Unlike the Oscars, which are voted on by several thousand of Hollywood’s most accomplished artists and technicians, the Golden Globes are decided by a small group of foreign journalists with little to no profile outside of the Hollywood Foreign Press Association, many of whom draw significant paychecks from the group.

It’s an unlikely selection of people to confer prestige, and the Golden Globes may have to wholly reinvent their voting body if they hope to win back stars and studios already in revolt. Why would actors like Johansson or Kaluuya continue participating in the organization’s activities if the journalists who have offended them still retain their influence within the group?

In the meantime, it’s possible that another awards show could move to early January to effectively take the Globes’ place on the awards calendar next year. The Screen Actors Guild Awards and Critics Choice Awards are already televised and draw major stars, though none has been able to reach the traditional ratings success of the Golden Globes.

Still, if either show were appropriately scaled up and moved to the first week of January, it could at least take advantage of an ecosystem of parties, events and for-your-consideration ads that revolve around a major awards ceremony airing in the first week of the year.
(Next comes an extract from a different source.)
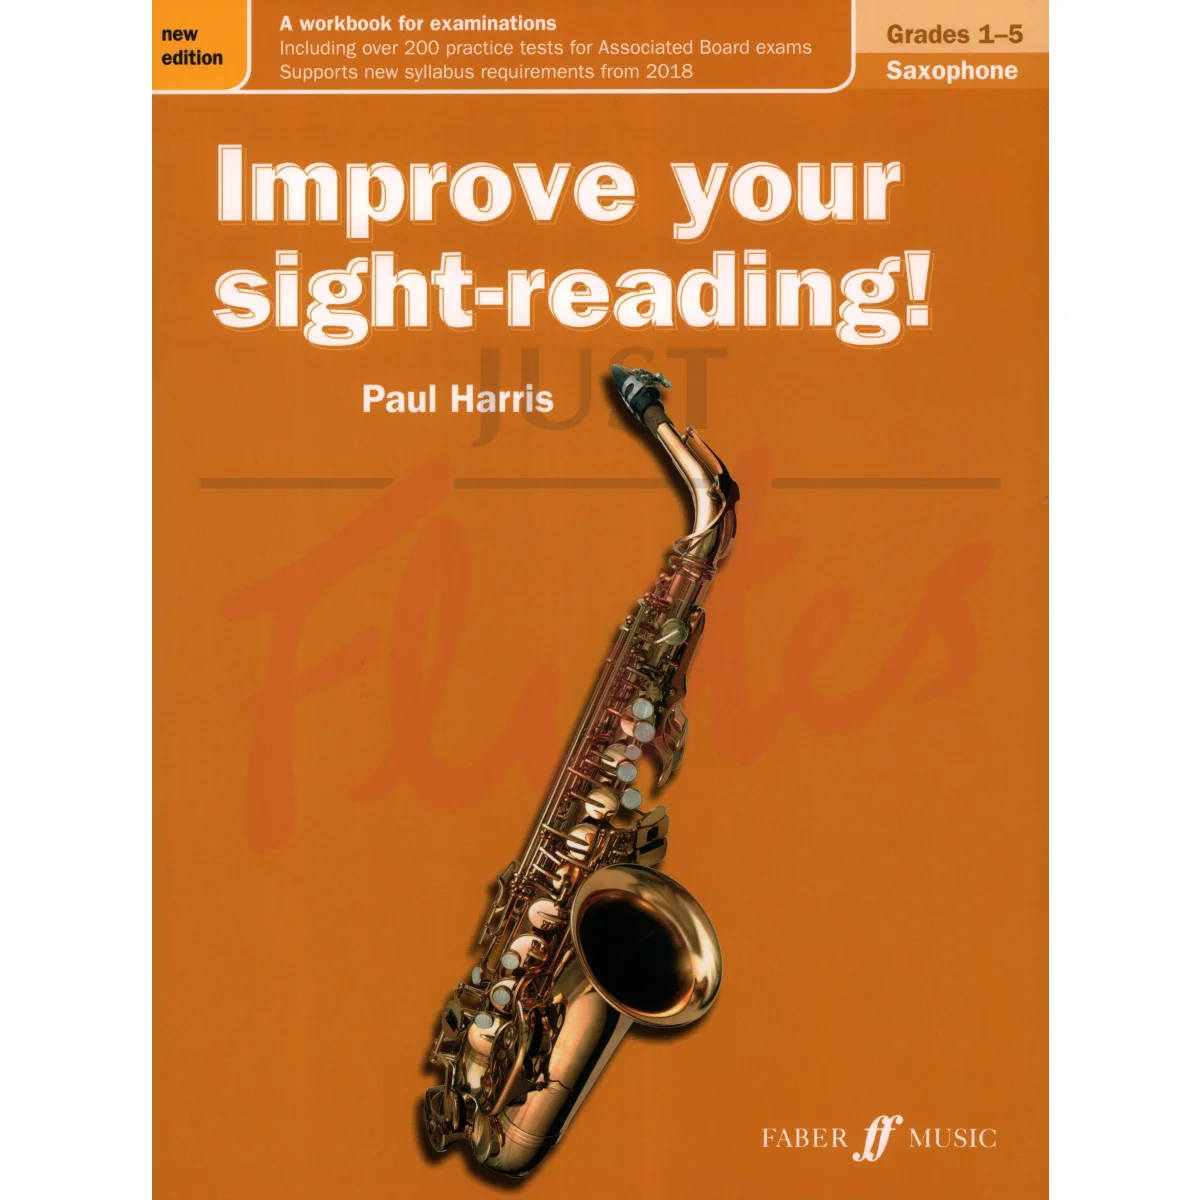 Improve Your Sight-Reading! [Saxophone] Grades 1-5 ABRSM from 2018

And if the newly relocated show managed better viewership numbers than the Globes’ pandemic-stricken low this year, Hollywood may be in no real rush to return the Globes to prominence.

That’s the thing about awards: These trophies are only as important as the recipients believe them to be, and now that the illusion of the Golden Globes has been punctured, stars might find it hard to go back to suspending their disbelief. Could the biggest Golden Globe snub come when Hollywood moves on from the show entirely?